Software composition doesn't require we "rely blindly on someone else's guarantee that some routine or class is correct". Static analyses, auditing, and automated tests of various sorts may, of course, apply. But, for 'large' software, we must ultimately collaborate, communicate, and compose. Communicating to other developers how features interact is just 'interface' or 'protocol' by another name.

For clarity: by 'large' software, I refer to software whose implementation is detailed beyond the comprehension of any single human or group. Issues of incomplete specification, distribution, and upgrade are inherent in such systems. Similarly are issues of interface: describing how components or features interact with one another and their environment.

It is not "wishful thinking" to assert that 'large' software involves composition; that's simply the nature of the beast.

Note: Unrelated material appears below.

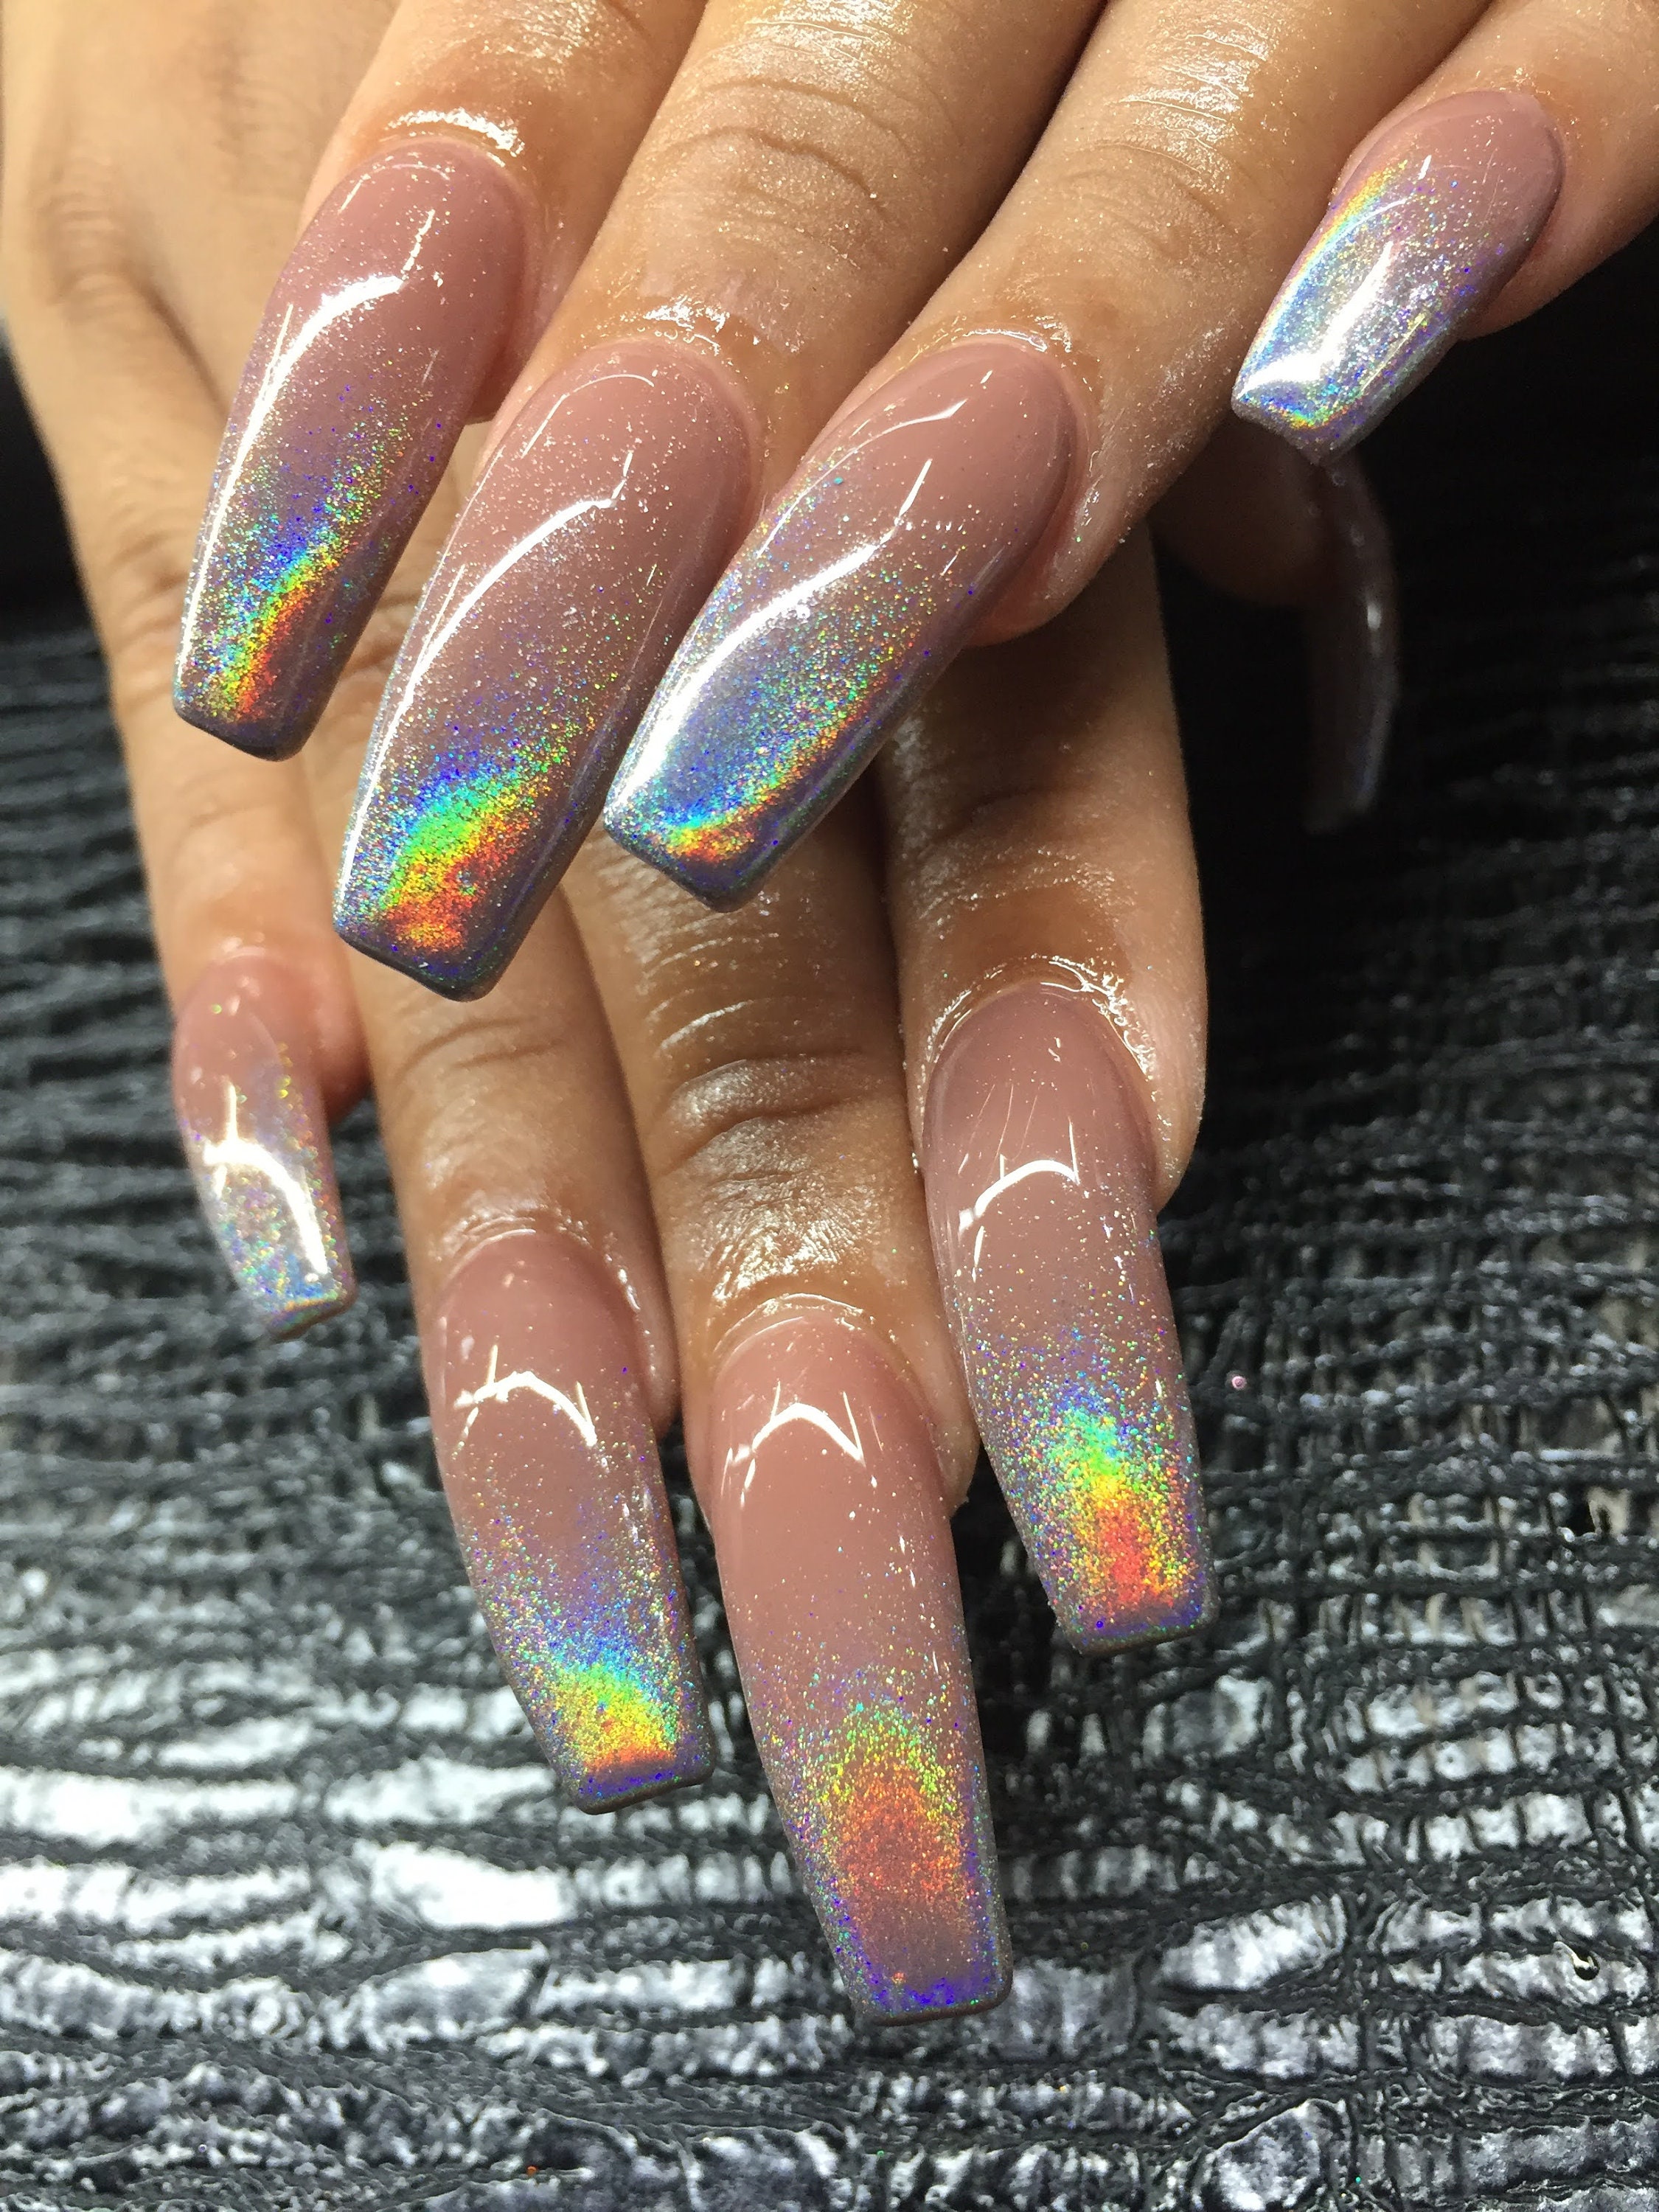 Beyprern 1Box Holographic Powder on Nails Laser Silver Glitter Chrome | Gel  nail art designs, Gorgeous nails, Gel nail art

If a problem precludes a compositional software solution, you hope it either need not be solved or that it can be solved with a small and complete software specification (such that it may be composed into other systems).

Compositionality

You are right to insist that software construction should be modular and software compositional . The problem is that if we consider existing programming languages (in this case modern object-oriented languages), we are studying an objective reality, much as a natural scientist would do, and have to consider the properties it has rather than the properties we would like it to have.

A property p is compositional if p (o), applied to an object o with components o1 and o2, can be deduced from p (o1) and p (o2), each determined independently of o. Unfortunately aliasing is not compositional in this sense. This is highly regrettable, but once we recover from the pain we can try to harness aliasing anyway, which is what my calculus attempts to do.

Since we are dealing with human artifacts rather than objects of nature, we can (unlike natural scientists) change the reality; this means using programming languages with no aliasing. But if we deal with languages that have aliasing we must accept the facts.